Senator Backs Off Backdoors

A senator changes his mind after calling for a prohibition on data-scrambling products without backdoors for government surveillance. Now, he "has no intentions" of working on such an encryption bill. Declan McCullagh reports from Washington.

WASHINGTON -- Sen. Judd Gregg has abruptly changed his mind and will no longer seek to insert backdoors into encryption products.

A spokesman for the New Hampshire Republican said Tuesday that Gregg has "no intention" of introducing a bill to require government access to scrambled electronic or voice communications.

"We are not working on an encryption bill and have no intention to," spokesman Brian Hart said in an interview.

Two days after the Sept. 11 attacks, Gregg strode onto the Senate floor and called for a global prohibition on data-scrambling products without backdoors for government surveillance. Gregg said that quick action was necessary "to get the information that allows us to anticipate and prevent what occurred in New York and in Washington."

A few days later, Gregg told the Associated Press that he was preparing legislation "to give our law enforcement community more tools" to unscramble messages in hopes of fighting terrorists.

Gregg received support from defense hawks, conservative columnists and some newspapers, and even a poll conducted by Princeton Survey Research Associates for Newsweek magazine.

The poll asked: "Would you favor reducing encryption of communications to make it easier for the FBI and CIA to monitor the activities of suspected terrorists -- even if it might infringe on people's privacy and affect business practices?"

Fifty-four percent of those polled answered "yes," and 72 percent said anti-encryption laws would be "somewhat" or "very" helpful in thwarting similar terrorist attacks.

Complicating the debate were conflicting reports about whether the Internet-savvy terrorists who attacked the World Trade Center and the Pentagon used encryption. Citing unnamed sources, Reuters reported "the hijackers did not use encryption," while WorldNetDaily claimed they did.
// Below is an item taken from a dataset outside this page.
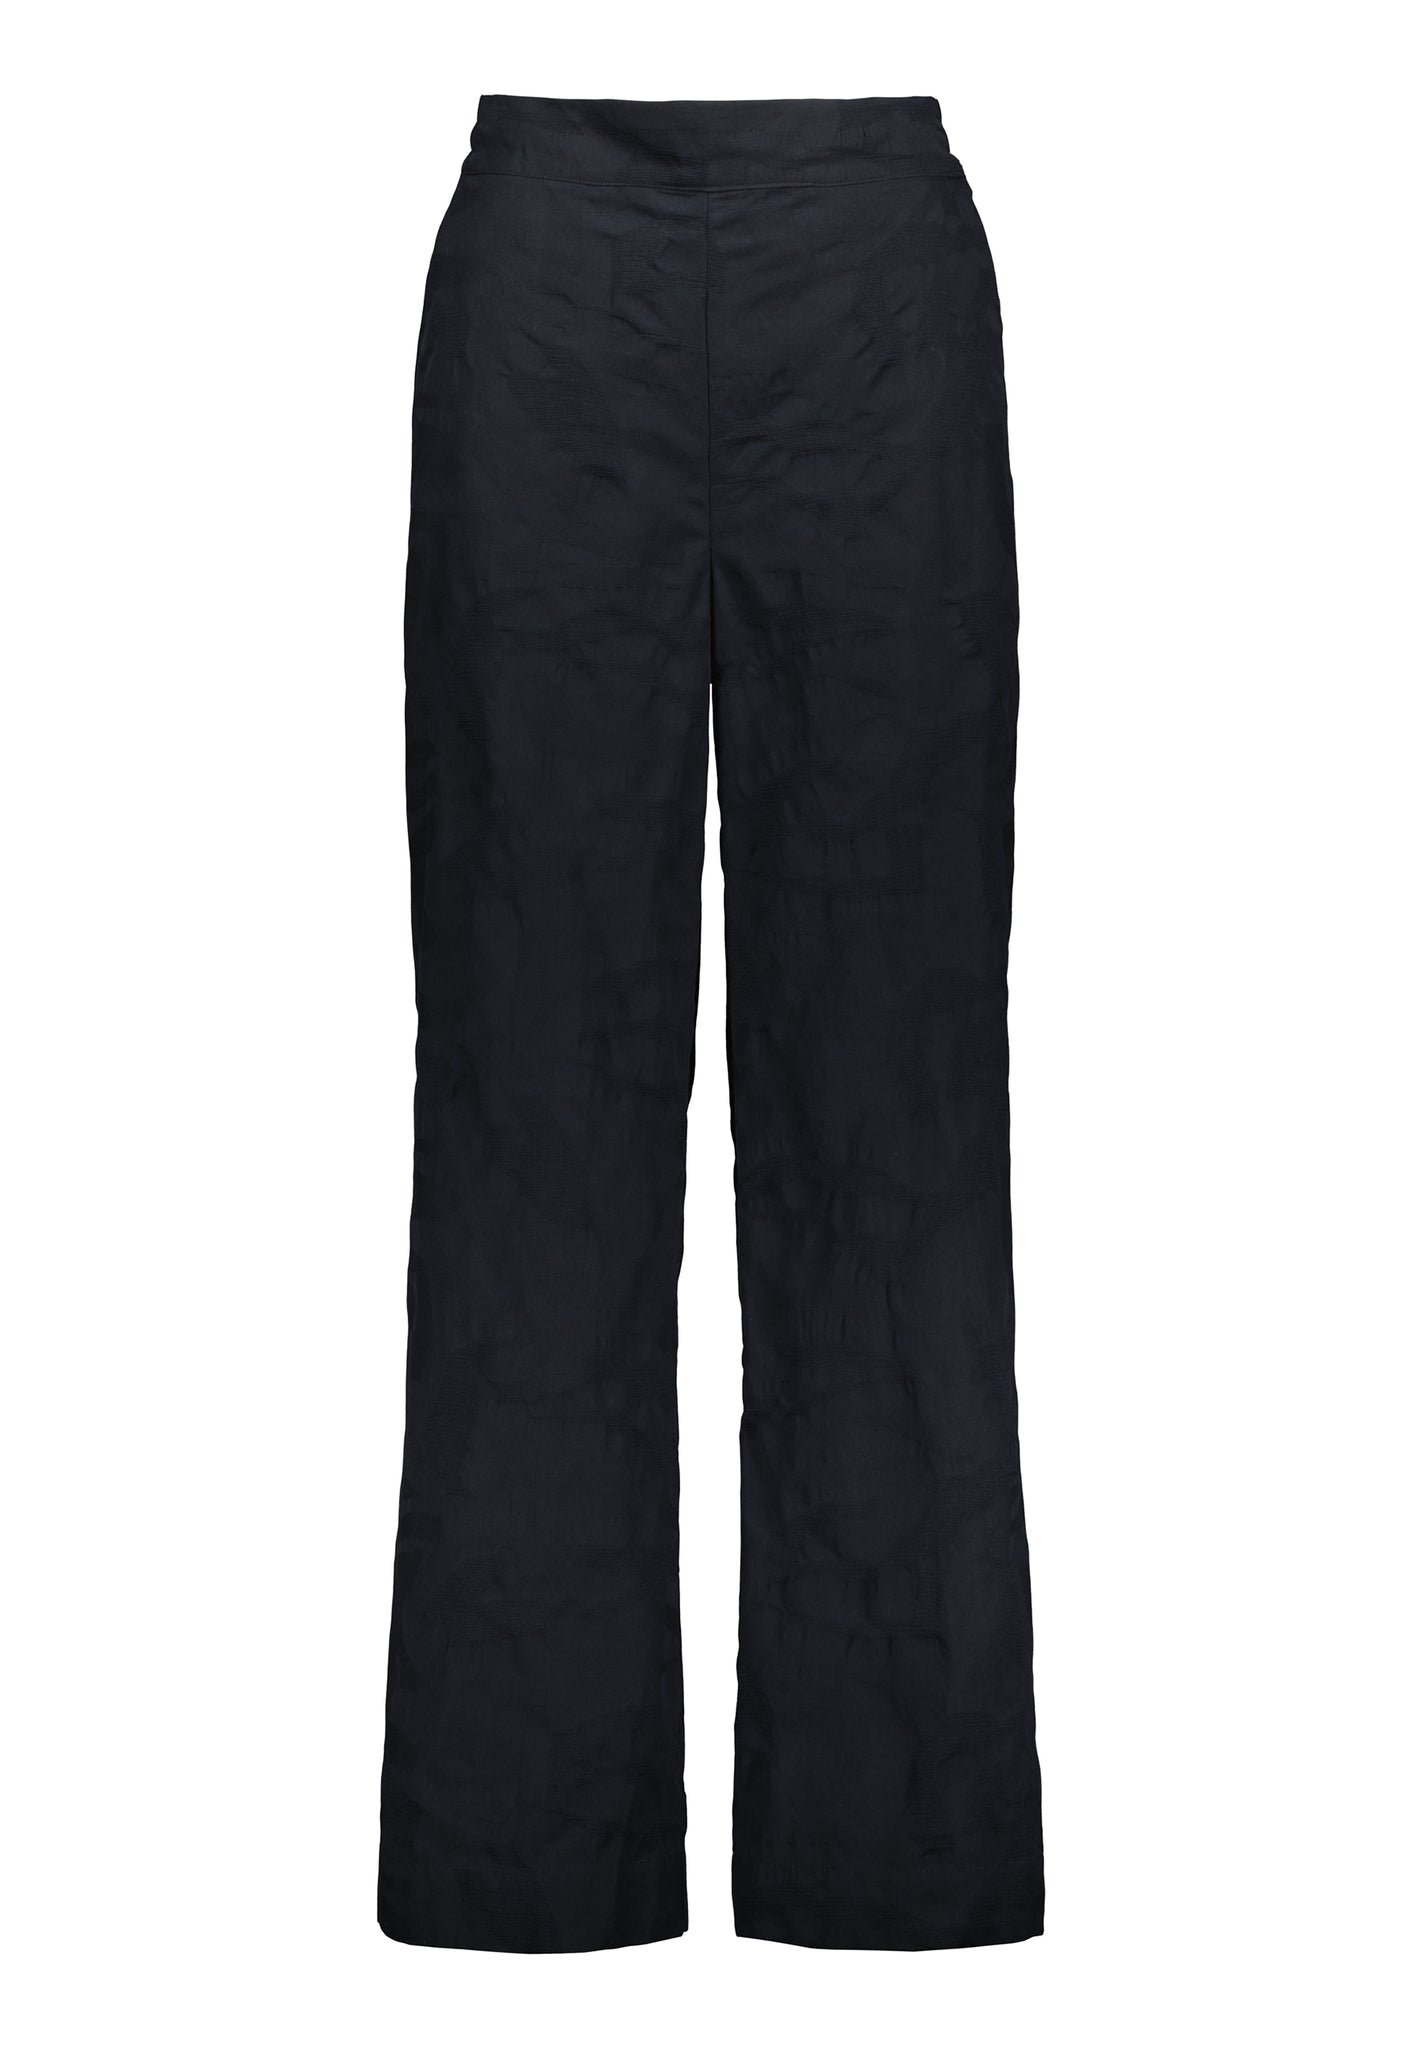 SCRIPPS LOOSE FIT PANTS -  Midnight blue punched cotton

"There will be some point in the future where a criminal or terrorist uses encryption to pull off a horrific crime," says Mike Godwin, a policy fellow with the Center for Democracy and Technology. "What we have to ultimately recognize is that we're safer from those criminals if we have those encryption tools than we would be if we didn't have them."

In response to then-FBI director Louis Freeh's entreaties, a House committee in 1997 approved a bill that would have banned the manufacture, distribution or import of any encryption product that did not include a backdoor for the federal government. The full House never voted on that measure.

Many cryptographers and legal scholars believed that following a catastrophic terrorist attack, the U.S. Congress would move swiftly to impose backdoors on anyone manufacturing or distributing encryption products -- a requirement that would not only hamstring American firms, but wreak havoc in the open-source world.

In a 1995 law review article, University of Miami law professor Michael Froomkin foresaw that possibility. He wrote: "In the wake of a great crime, perhaps by terrorists or drug cartels -- the detection of which could plausibly have been frustrated by encryption -- that which today looks clearly unconstitutional might unfortunately appear more palatable."

"I've never been happier to be wrong," Froomkin said Tuesday.

Froomkin said there may be a greater awareness among politicians of encryption's double-edged sword: It can cloak the communications of criminals, but shield the Internet from miscreants.

"I think if they put a crypto provision in this bill, it would have passed," Froomkin said. "Look at what the administration got."

Froomkin was talking about additional eavesdropping and surveillance powers requested by the Bush administration, which the Senate and the House overwhelmingly voted for last week. That bill is called the USA Act (PDF).

After Gregg's floor speech following the Sept. 11 attacks, crypto-buffs mobilized to oppose laws limiting encryption.

Rob Carlson, who organized an emergency meeting of activists the following weekend at the University of Maryland, said he's relieved to hear Gregg appears to have changed his mind.

"I'm glad to hear it's gone. Whether or not it's true is another matter," Carlson said. "(Gregg) said he was definitely supporting it. Now he says he's definitely not. Maybe he'll say he's definitely supporting it again."

Ben Polen contributed to this report.